> _Stored data_:
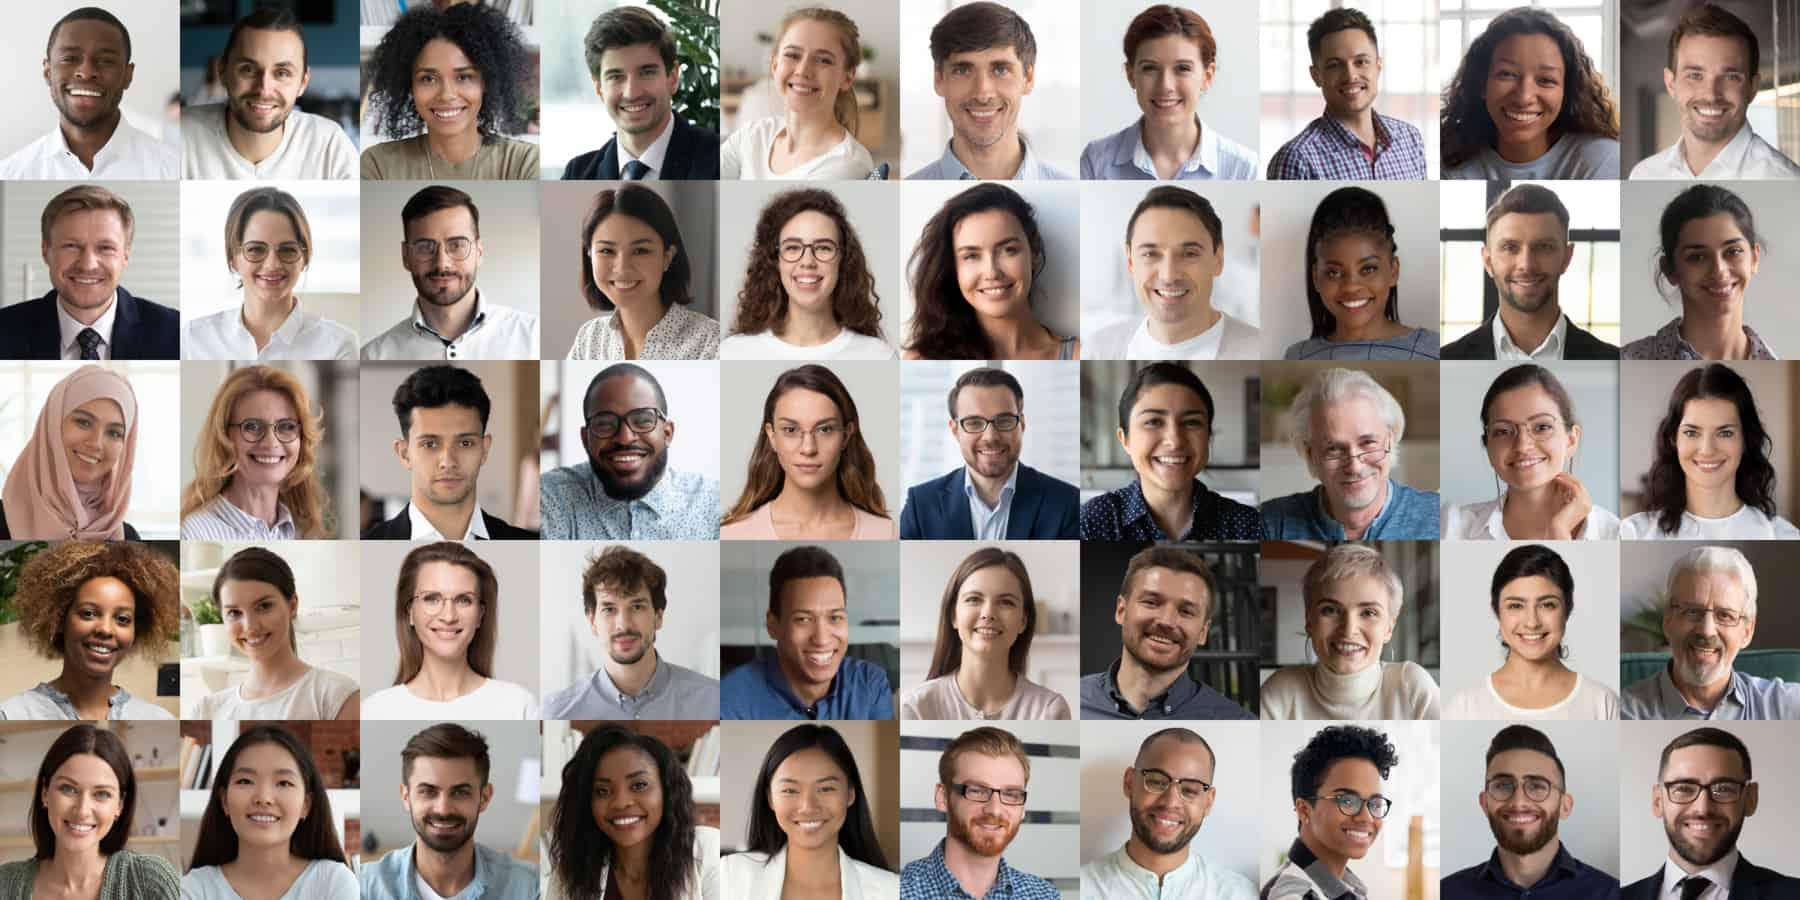 audiologist-alt-faces-grid
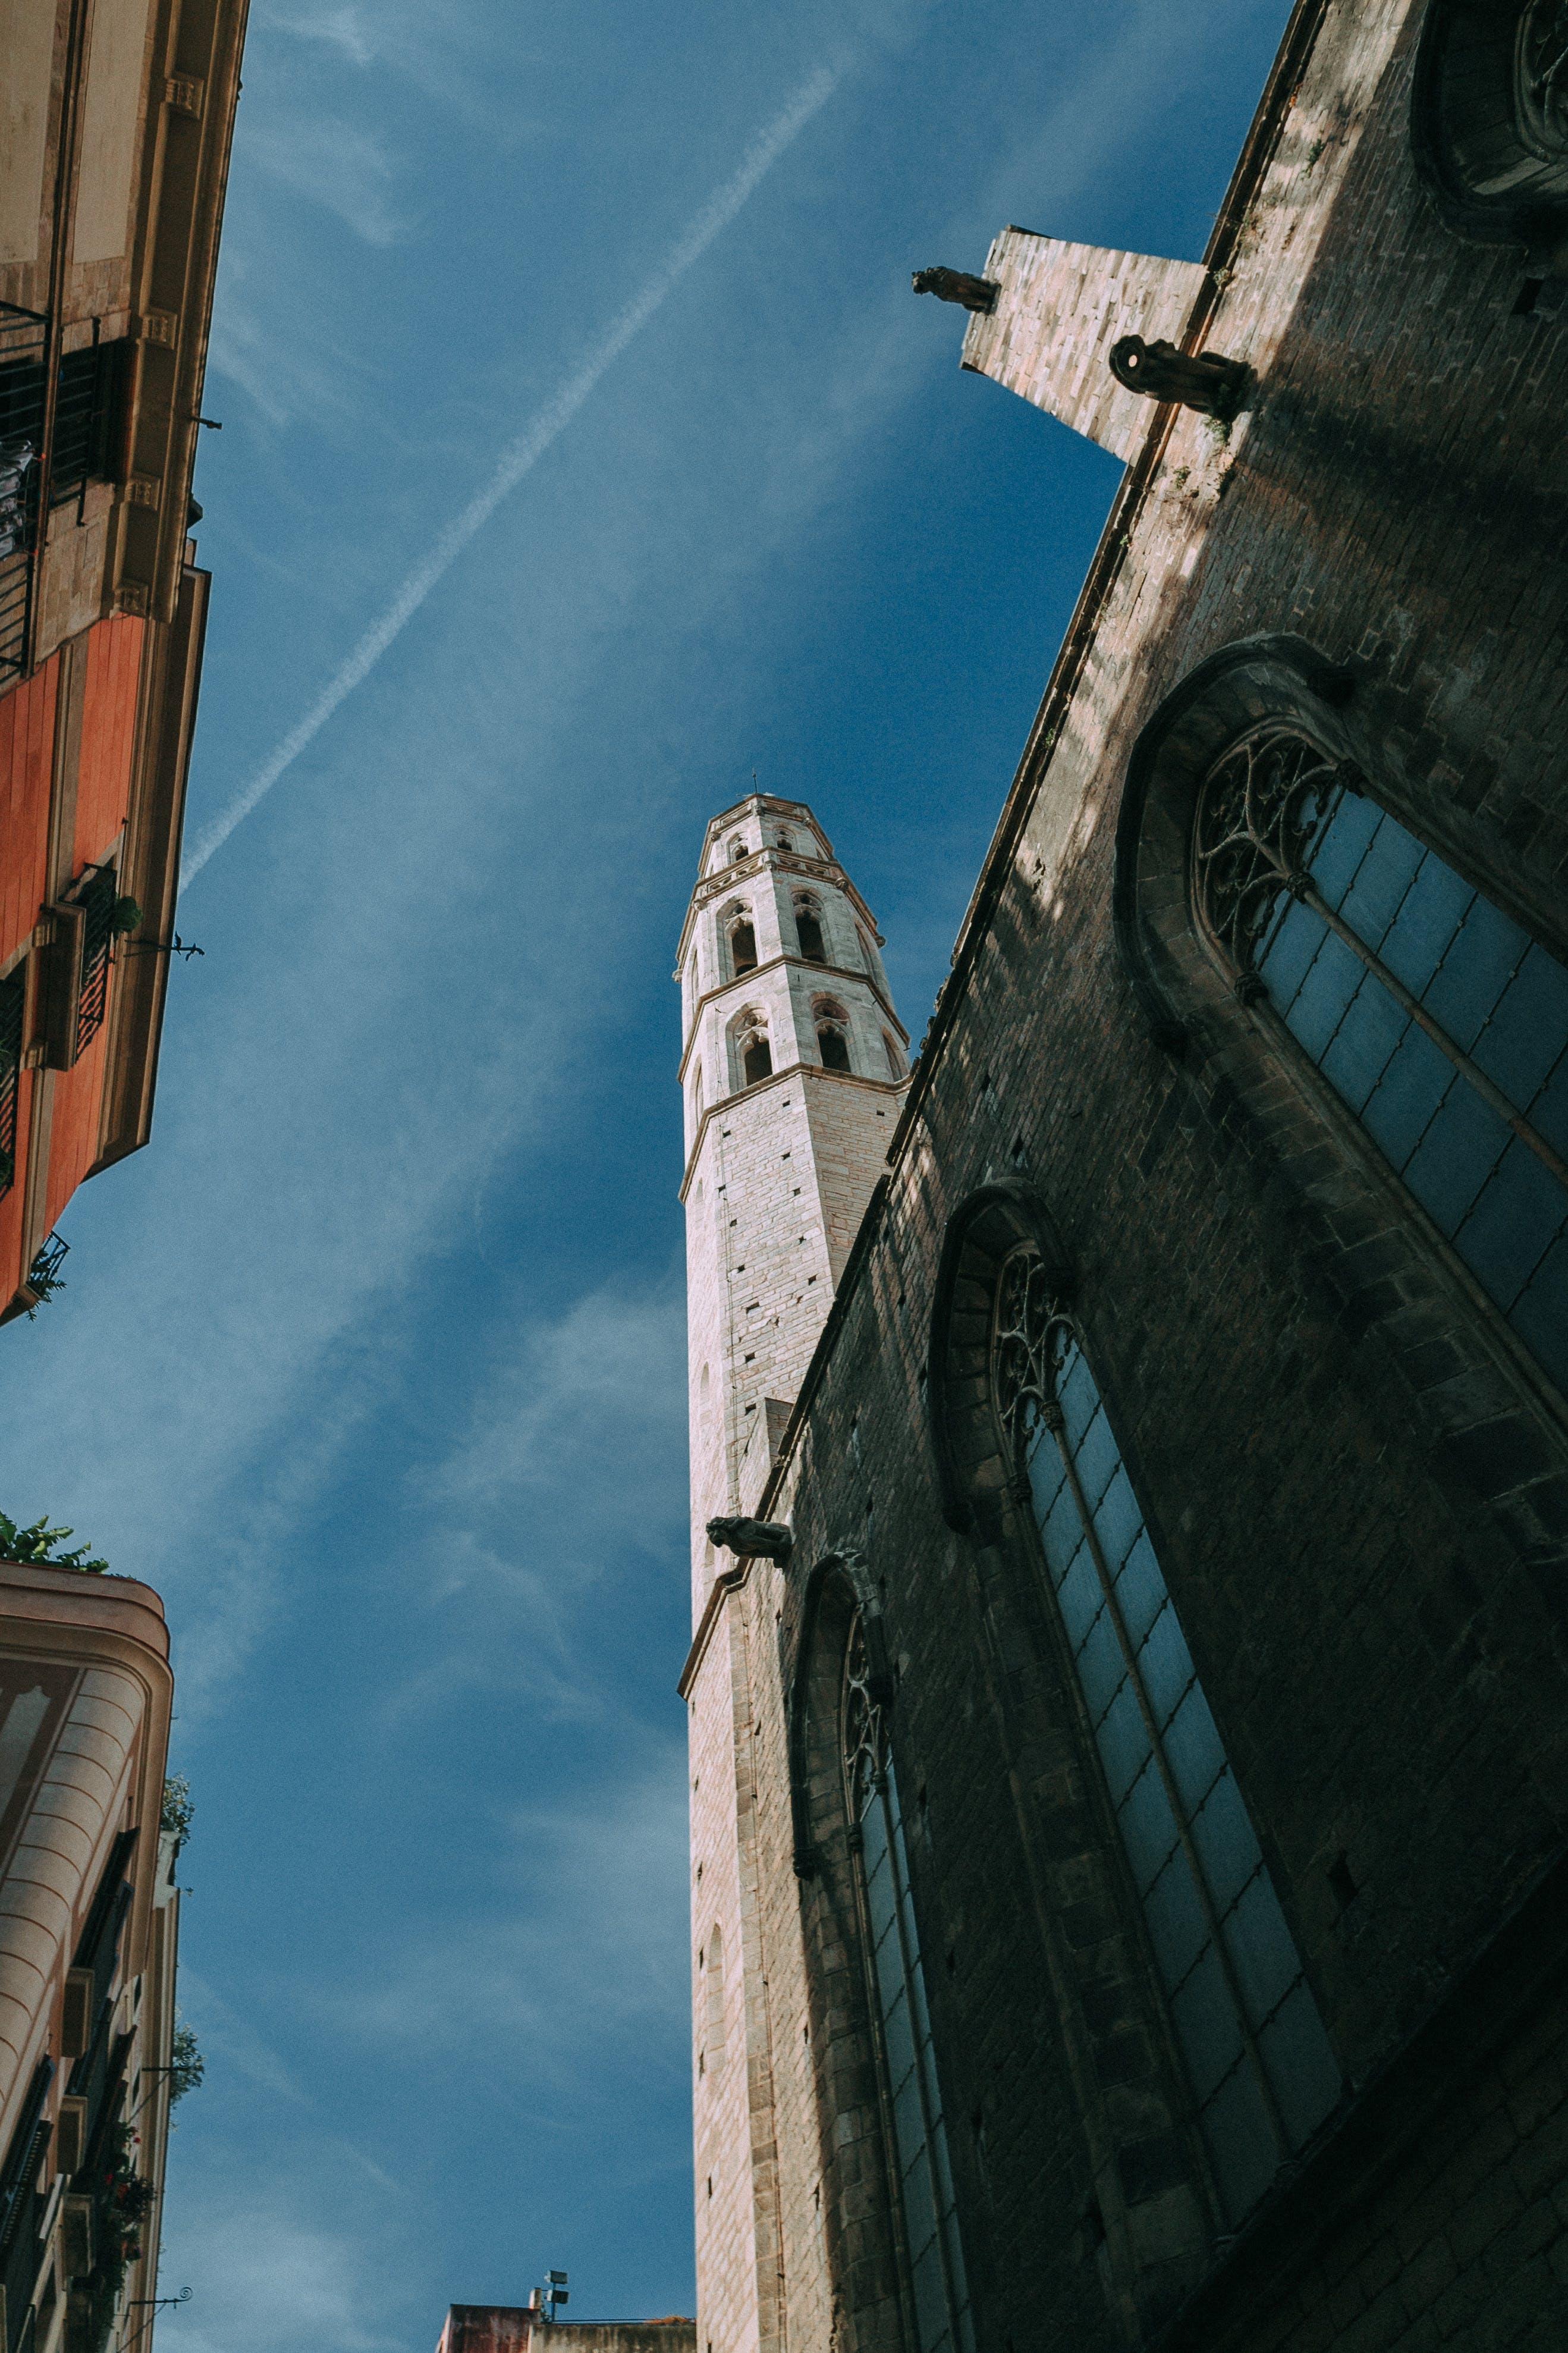 architektur, aufnahme von unten, außen
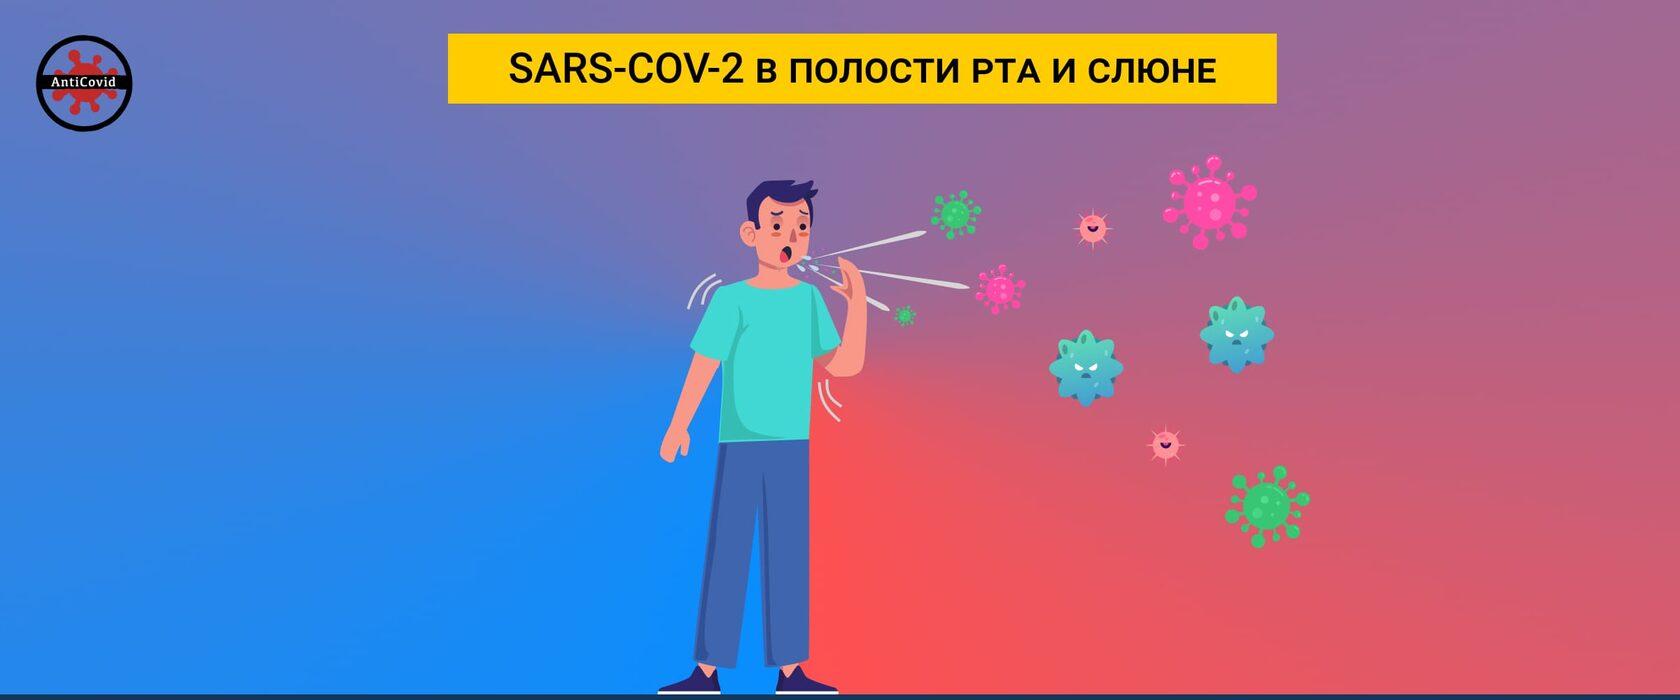 SARS-COV-2 в полости рта и слюне
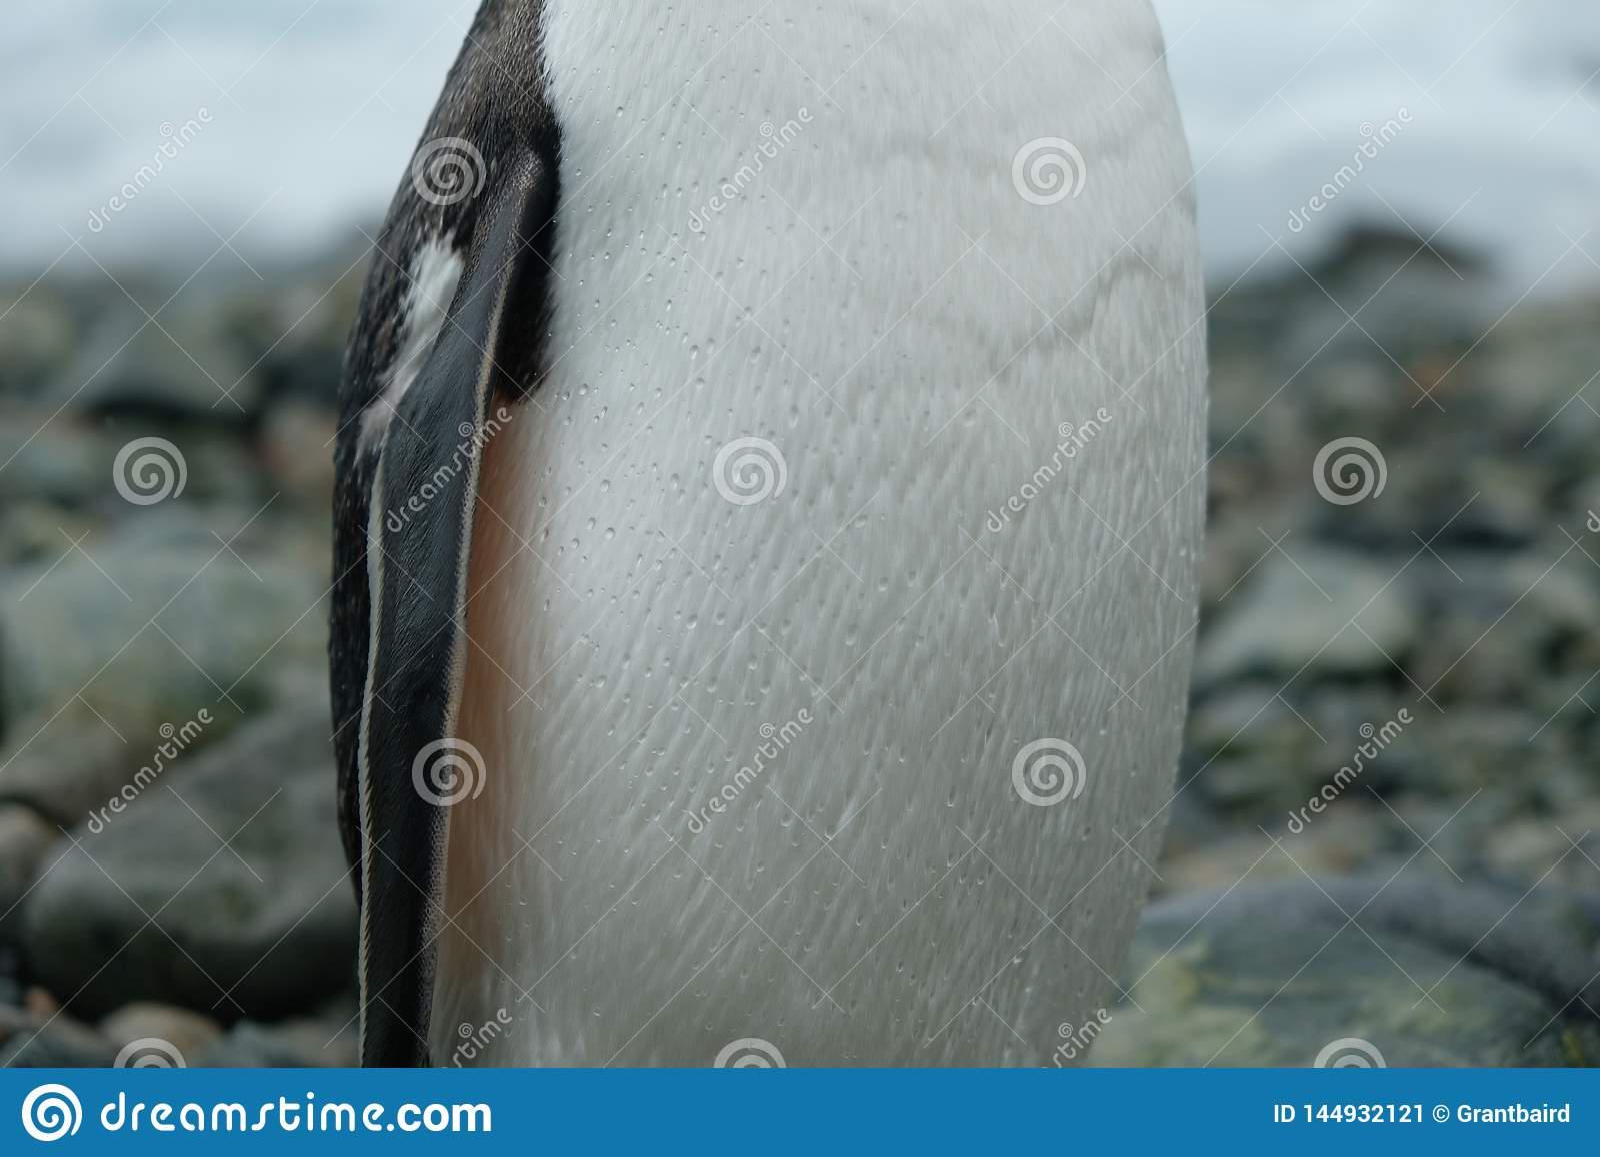 Στάσεις της Ανταρκτικής Gentoo penguin στη δύσκολη παραλία με τις πτώσεις νε

> _About this exercise_: The listing is to be reproduced in full and exactly, except that its pictures are to be dropped.

> _Exercise answer_:
 audiologist-alt-faces-grid
 architektur, aufnahme von unten, außen
 SARS-COV-2 в полости рта и слюне
 Στάσεις της Ανταρκτικής Gentoo penguin στη δύσκολη παραλία με τις πτώσεις νε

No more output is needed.